These curves are important for revenue and profit maximization; the point on these curves whose tangent line has a slope of zero maximizes revenue or profit. Clearly, you can see that the exponential model is unbounded (revenue and profit seems to monotically increase!). The linear and sigmoidal models are more reasonable as they have a price associated with a globally maximal revenue and profit. Additionally, you can see that maximizing total revenue and profit are not necessarily the same thing.
For the linear model, the optimal price for
maximizing revenue is 55, and
maximizing profit is 80.
For the sigmoidal model, the optimal price for
maximizing revenue is 41, and
maximizing profit is 59.
[9]:
fig, ax = plt.subplots(1, 3, figsize=(15, 3))

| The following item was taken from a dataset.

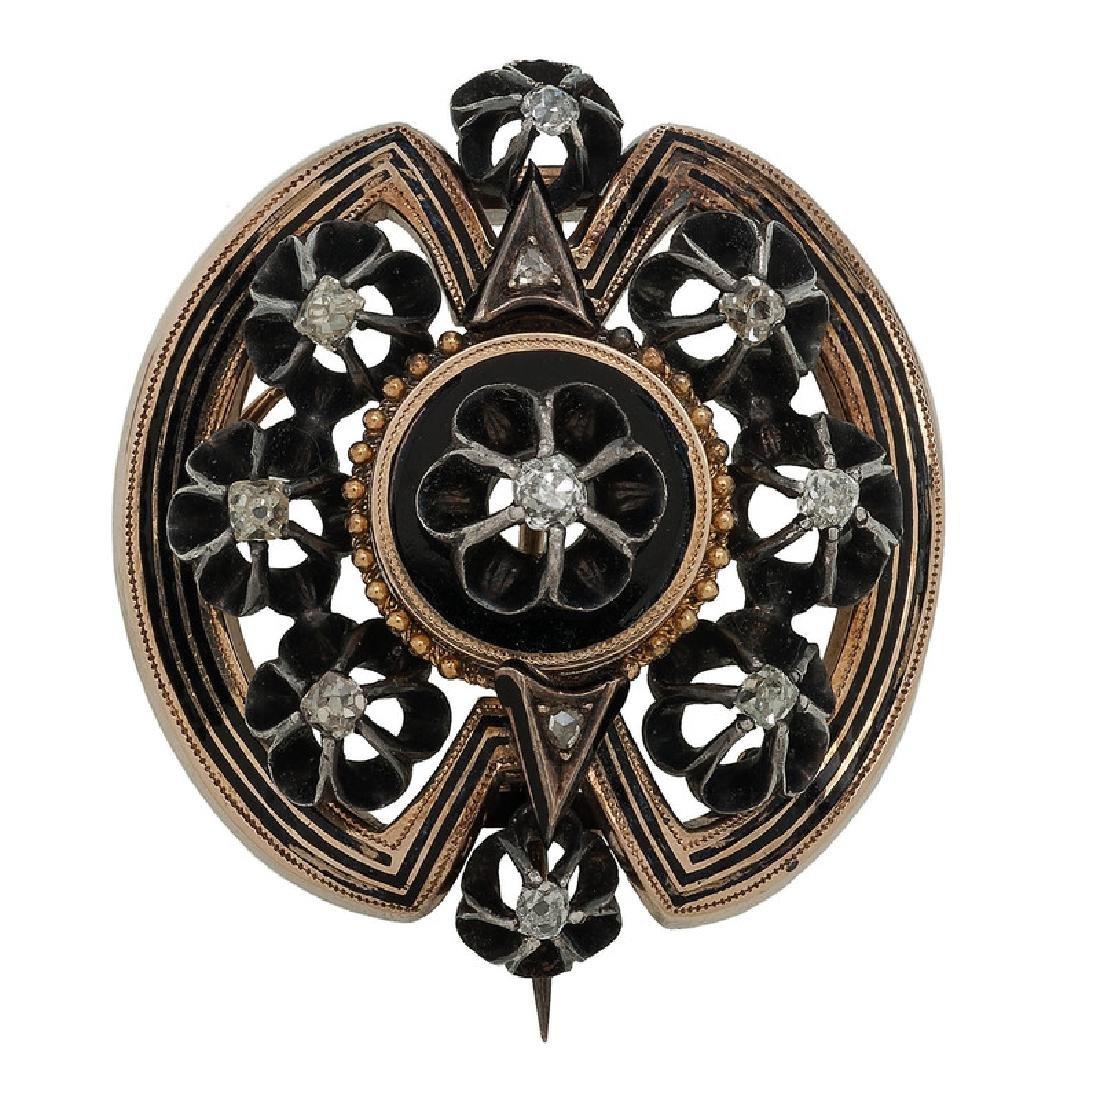 14 Karat Yellow Gold and Silver Victorian Diamond

for _title, _suffix, _ax in zip(['Linear', 'Exponential', 'Sigmoid'], ['lin', 'exp', 'sig'], np.ravel(ax)):
pred_df \
.set_index(['p'])[[f'tr_{_suffix}', f'pr_{_suffix}']] \
.plot(kind='line', ax=_ax, title=_title, ylabel='USD', color=['r', 'b'])
if _suffix == 'lin':
p_tr = pred_df.sort_values(['tr_lin'], ascending=False).iloc[0]['p']
p_pr = pred_df.sort_values(['pr_lin'], ascending=False).iloc[0]['p']
elif _suffix == 'sig':
p_tr = pred_df.sort_values(['tr_sig'], ascending=False).iloc[0]['p']
p_pr = pred_df.sort_values(['pr_sig'], ascending=False).iloc[0]['p']
else:
p_tr, p_pr = None, None
if p_tr is not None and p_pr is not None:
_ax.axvline(x=p_tr, alpha=0.5, linestyle='dotted', color='red')
_ax.axvline(x=p_pr, alpha=0.5, linestyle='dotted', color='blue')
fig.tight_layout()
6.7. Point elasticity
Another way to find the price that will yield the highest revenue is to find the price whose point elasticity is unitary. To compute the point elasticities for all the points on a demand curve, we use the following formula
\(E_d = \dfrac{\mathrm{d} q}{\mathrm{d} p} \dfrac{p}{q}\)
where
\(\dfrac{\mathrm{d} q}{\mathrm{d} p}\) is the slope of the tangent line at the \((p, q)\) point on the demand curve.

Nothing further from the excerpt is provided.